= MHC class III =

Group of proteins in vertebrates

MHC class III is a group of proteins belonging the class of major histocompatibility complex (MHC). Unlike other MHC types such as MHC class I and MHC class II, of which their structure and functions in immune response are well defined, MHC class III are poorly defined structurally and functionally. They are not involved in antigen binding (the process called antigen presentation, a classic function of MHC proteins). Only few of them are actually involved in immunity while many are signalling molecules in other cell communications. They are mainly known from their genes because their gene cluster is present between those of class I and class II. The gene cluster was discovered when genes (specifically those of complement components C2, C4, and factor B) were found in between class I and class II genes on the short (p) arm of human chromosome 6. It was later found that it contains many genes for different signaling molecules such as tumour necrosis factors (TNFs) and heat shock proteins. More than 60 MHC class III genes are described, which is about 28% of the total MHC genes (224). The region previously considered within MHC class III gene cluster that contains genes for TNFs is now known as MHC class IV or inflammatory region.
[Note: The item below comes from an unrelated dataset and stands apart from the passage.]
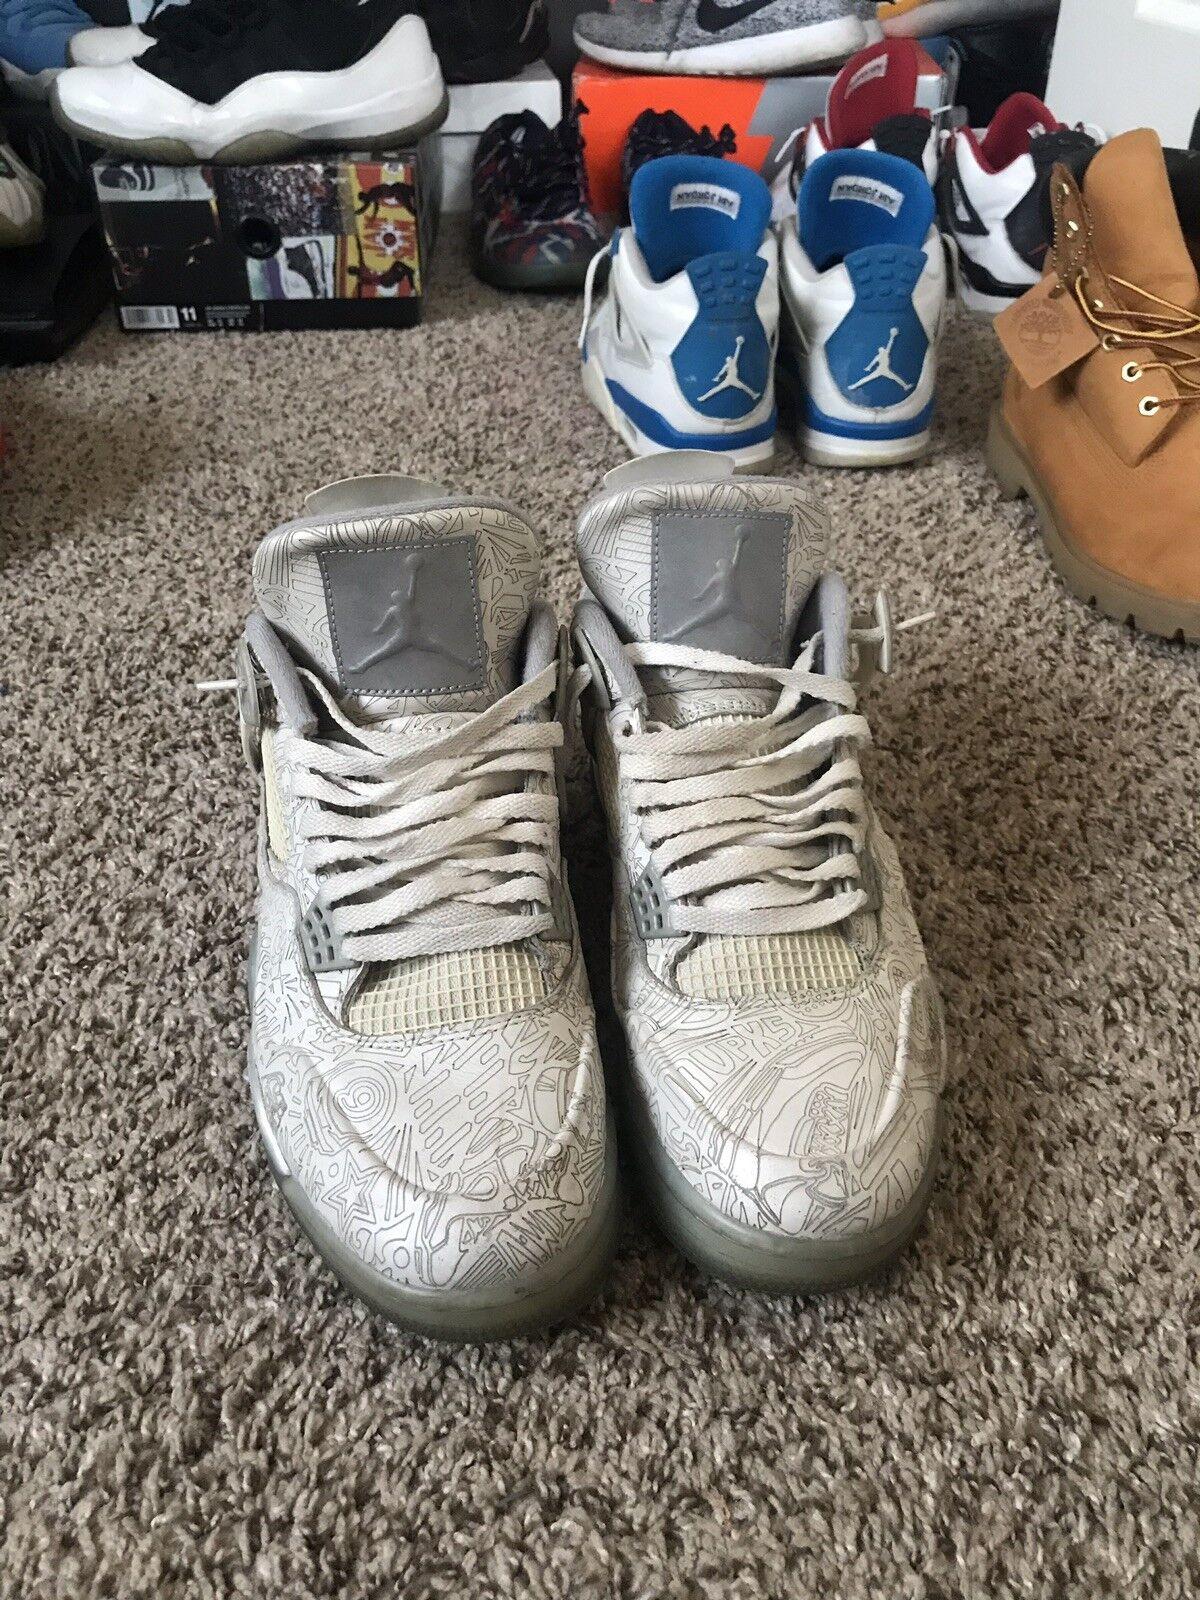 70d21b607e Jordan 4 Laser Air Retro nqqlao1413-Athletic Shoes - www.midwifery ...

In contrast to other MHC proteins, MHC class III proteins are produced by liver cells (hepatocytes) and special white blood cells (macrophages), among others.

==Gene structure==

MHC class III genes are located on chromosome 6 (6p21.3) in humans. It covers 700 kb and contains 61 genes. The gene cluster is the most gene-dense region of the human genome. They are basically similar with those of other animals. The functions of many genes are yet unknown. Many retroelements such as human endogenous retrovirus (HERV) and Alu elements are located in the cluster. The region containing genes WHR1(G11)/C4/Z/CYP21/X/Y, varying in size from 142 to 214 kb, is known as the most complex gene cluster in the human genome.

===Diversity===
MHC class III genes are similar in humans, mouse, frog (Xenopus tropicalis), and gray short-tailed opossum, but not all genes are common. For example, human NCR3, MIC and MCCD1 are absent in mouse. Human NCR3 and LST1 are absent in opossum. However, birds (chicken and quail) have only a single gene, which codes for a complement component gene (C4). In fishes, the genes are distributed in different chromosomes.